John Drake
- Birth name: John Alan Drake
- Date of birth: 22 January 1959
- Place of birth: Auckland, New Zealand
- Date of death: 13 December 2008 (aged 49)
- Place of death: Mount Maunganui, New Zealand
- Height: 1.83 m (6 ft 0 in)
- Weight: 99 kg (218 lb)
- School: Auckland Grammar School

Rugby union career
- Position(s): Prop

Provincial / State sides
- Years: Team / Apps / (Points)
- 1981–87: Auckland / 85 / ()

International career
- Years: Team / Apps / (Points)
- 1980–82: NZ Universities
- 1985–87: New Zealand / 8 / (4)

= John Drake (rugby union) =

John Alan Drake (22 January 1959 – 13 December 2008) was a New Zealand rugby union footballer who represented the All Blacks and Auckland as a tighthead prop.
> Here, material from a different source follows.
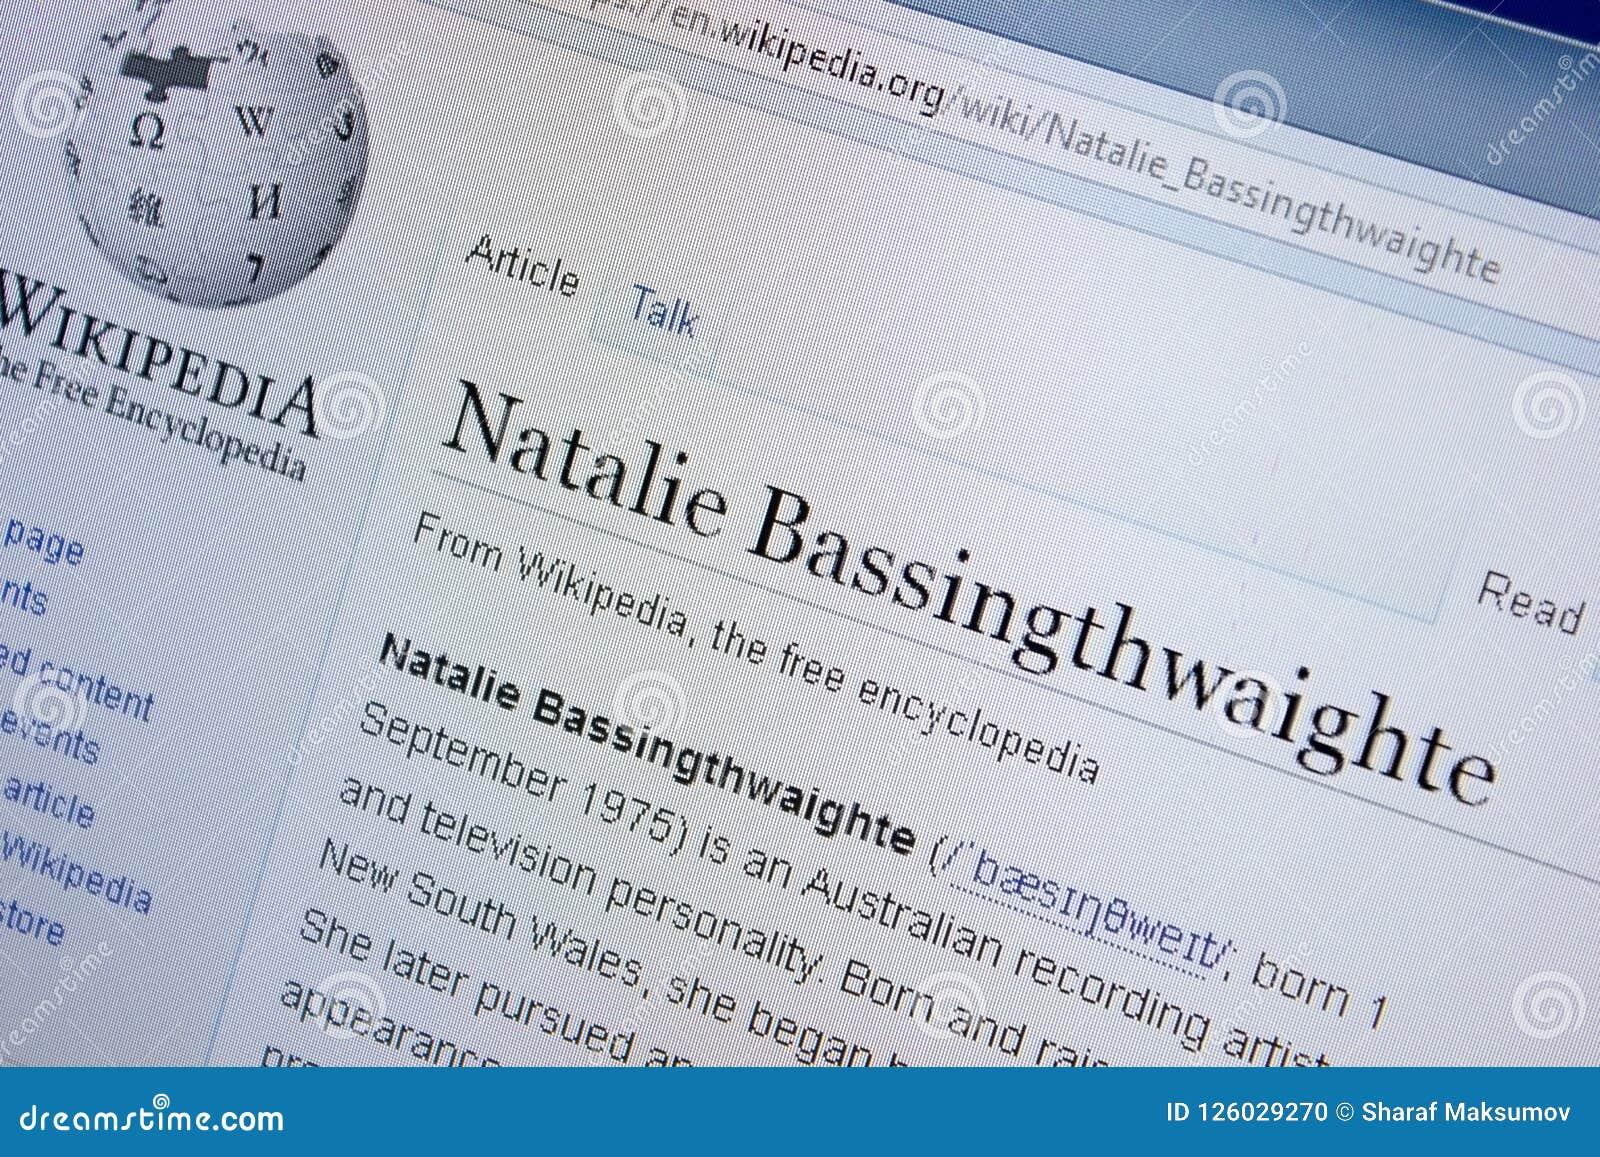 Riazan, Russie - 9 septembre 2018 - page de Wikipedia au sujet de Natalie Bassingthwaighte sur un affichage de PC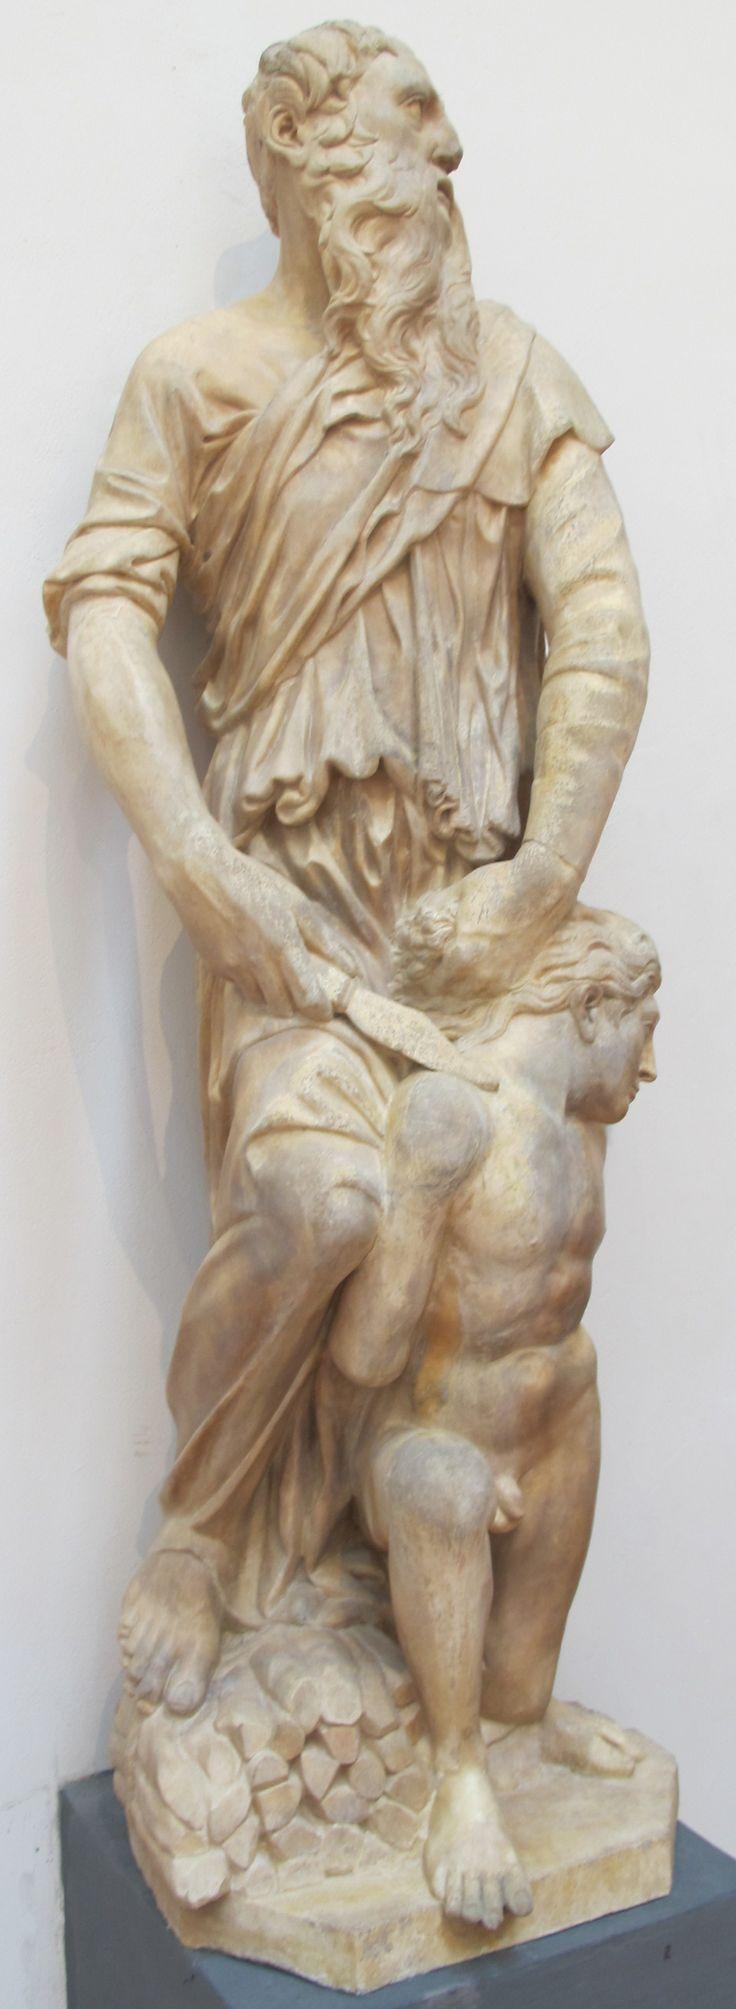 DONATELLO (1386-1466) EN SACRIFICIO DE ISAAC, en bulto redondo (1421), DEMUESTRA los cambios que habían tenido lugar en esos primeros años de siglo.  Donatello había sido discípulo de Ghiberti, pero se despegó de su estilo y encontró más afinidad en el de Brunelleschi, transformando como él la búsqueda de citas clásicas en el estudio de las reglas clásicas de composición y expresión

He played twelve times for New Zealand including eight test matches. He debuted for the All Blacks on the 1985 tour of Argentina playing in the 56–6 thumping of Mar del Plata. Drake was a key member of the 1987 All Black team which won the 1987 Rugby World Cup, playing in five of the six matches including scoring a try in the semi-final victory against Wales and playing in the final against France.

He retired at the end of the 1987 season while only 28 and later became a newspaper columnist and television commentator. Drake was educated at Auckland Grammar School. He died suddenly at his home, aged 49, on 13 December 2008.